Starling Forces - The Great Exchange
- Fluid movement across capillaries is governed by Starling forces, balancing hydrostatic (push) and oncotic (pull) pressures. Net movement determines filtration or absorption.
- Net Filtration Pressure Equation: $J_v = K_f [ (P_c - P_i) - \sigma (\pi_c - \pi_i) ]$
- $P_c$ (Capillary hydrostatic): Pushes fluid out.
- $\pi_c$ (Capillary oncotic): Pulls fluid in.
- $P_i$ (Interstitial hydrostatic): Pushes fluid in.
- $\pi_i$ (Interstitial oncotic): Pulls fluid out.
- 📌 Mnemonic: 'Push out, Pull in'. P for Hydrostatic Pressure Pushes; π for Oncotic Pressure Pulls.

⭐ The reflection coefficient (σ) indicates the effectiveness of the capillary wall in preventing protein passage. A value of 1 implies impermeability, while 0 implies free passage.
| Capillary Type | Structure & Permeability | Key Locations |
|---|---|---|
| Continuous | Least permeable; tight junctions. | Muscle, skin, lungs, CNS. |
| Fenestrated | Moderate permeability; pores. | Kidneys (glomeruli), endocrine glands. |
| Sinusoidal | Most permeable; large gaps. | Liver, spleen, bone marrow. |
Flow Regulation - Local Traffic Control
Autoregulation is the intrinsic ability of an organ to maintain constant blood flow despite changes in perfusion pressure.
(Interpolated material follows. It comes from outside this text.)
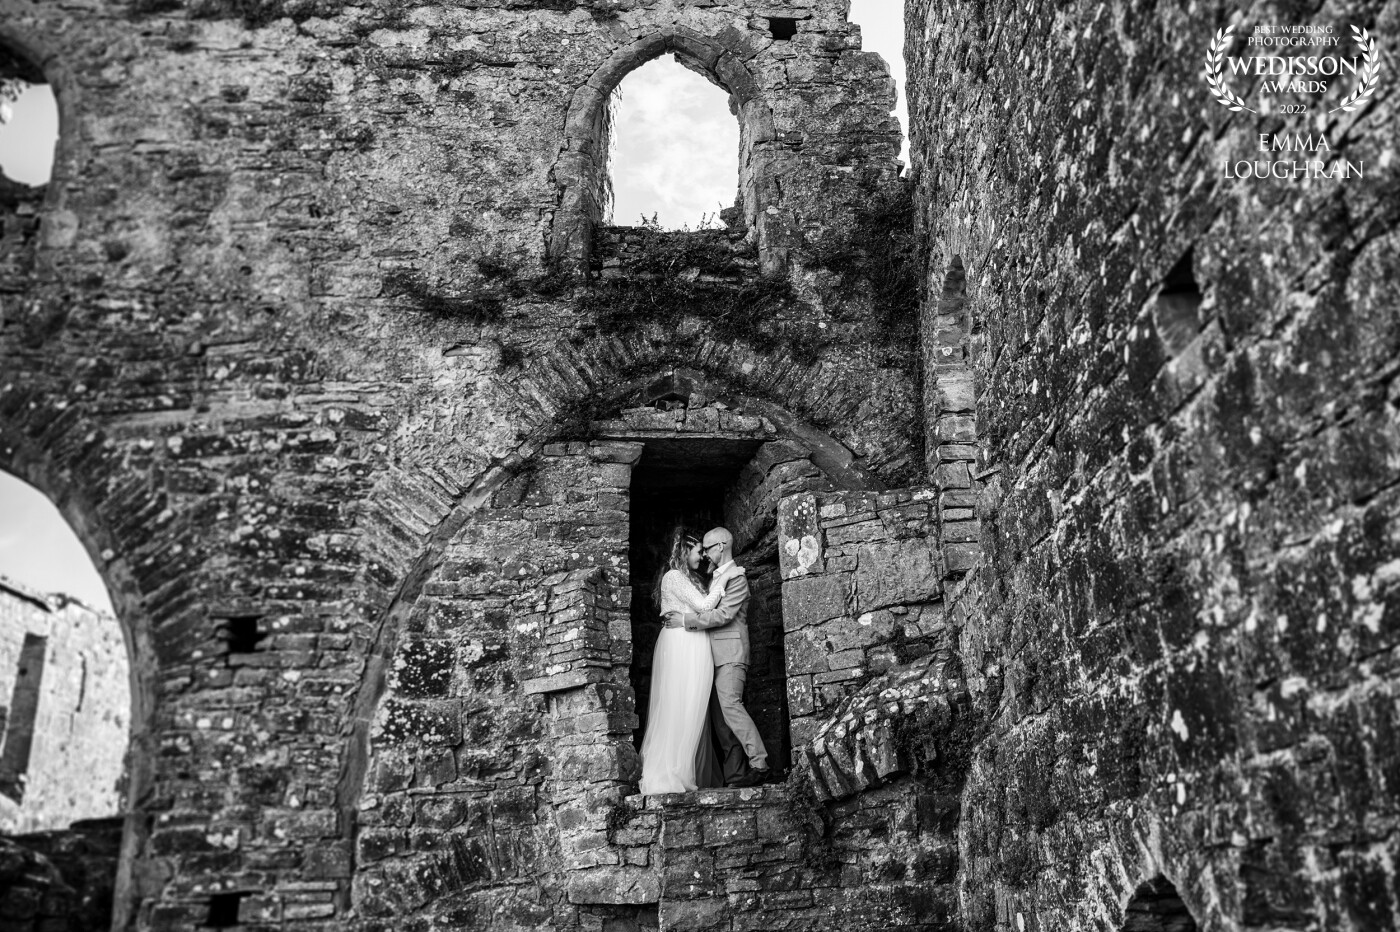 This photo was taken in an 11th century ruin of an Abbey which once housed the King of Meath and featured prominently in the film Braveheart. It also holds sentimental value to the bride as she and her family used to visit it as a child so it was an excellent choice for their wedding photos.

Key mechanisms:
- Myogenic Mechanism: Smooth muscle contracts in response to ↑ stretch (↑ pressure) and relaxes with ↓ stretch.
- Metabolic Mechanism: Tissue metabolism dictates local blood flow.
Hyperemia:
- Active Hyperemia: Blood flow increases to meet metabolic demand (e.g., exercise).
- Reactive Hyperemia: A transient increase in blood flow following a period of ischemia.

Local Vaso-regulators:
- Vasodilators:
- Nitric Oxide (NO)
- Adenosine
- $K^+$
- $CO_2$
- $H^+$
- Vasoconstrictors:
- Endothelin
- Myogenic response
⭐ In the heart, adenosine is the most critical local vasodilator linking coronary blood flow to myocardial oxygen demand.
Lymphatics & Edema - The Drainage System
Lymphatic capillaries drain excess interstitial fluid, protein, and macromolecules, returning it to circulation. Failure of this system results in edema-fluid accumulation in the interstitium.
-
Pathophysiology (Altered Starling Forces):
- ↑ $P_c$ (Capillary Hydrostatic Pressure): Pushes excess fluid out (e.g., heart failure, DVT).
- ↓ $\pi_c$ (Plasma Oncotic Pressure): Fails to pull fluid in (e.g., liver failure, nephrotic syndrome).
- ↑ $K_f$ (Capillary Permeability): Allows protein and fluid to leak out (e.g., inflammation, burns).
- Lymphatic Obstruction: Impairs fluid return (e.g., post-surgery, filariasis).
-
Types: Pitting edema (low-protein fluid) vs. Non-pitting edema (protein-rich fluid).
⭐ Lymphedema, caused by lymphatic obstruction (e.g., post-mastectomy, filariasis), is a classic cause of non-pitting edema due to the high protein content of the interstitial fluid.

- Starling forces (hydrostatic & oncotic pressures) dictate fluid flux across the capillary wall.
- Capillary hydrostatic pressure (Pc) is the main force driving filtration (fluid out).
- Plasma oncotic pressure (πc) is the main force driving reabsorption (fluid in).
- Arterioles are the primary site of vascular resistance, regulating blood flow into the capillary bed.
- Lymphatics are essential for draining excess interstitial fluid, preventing edema.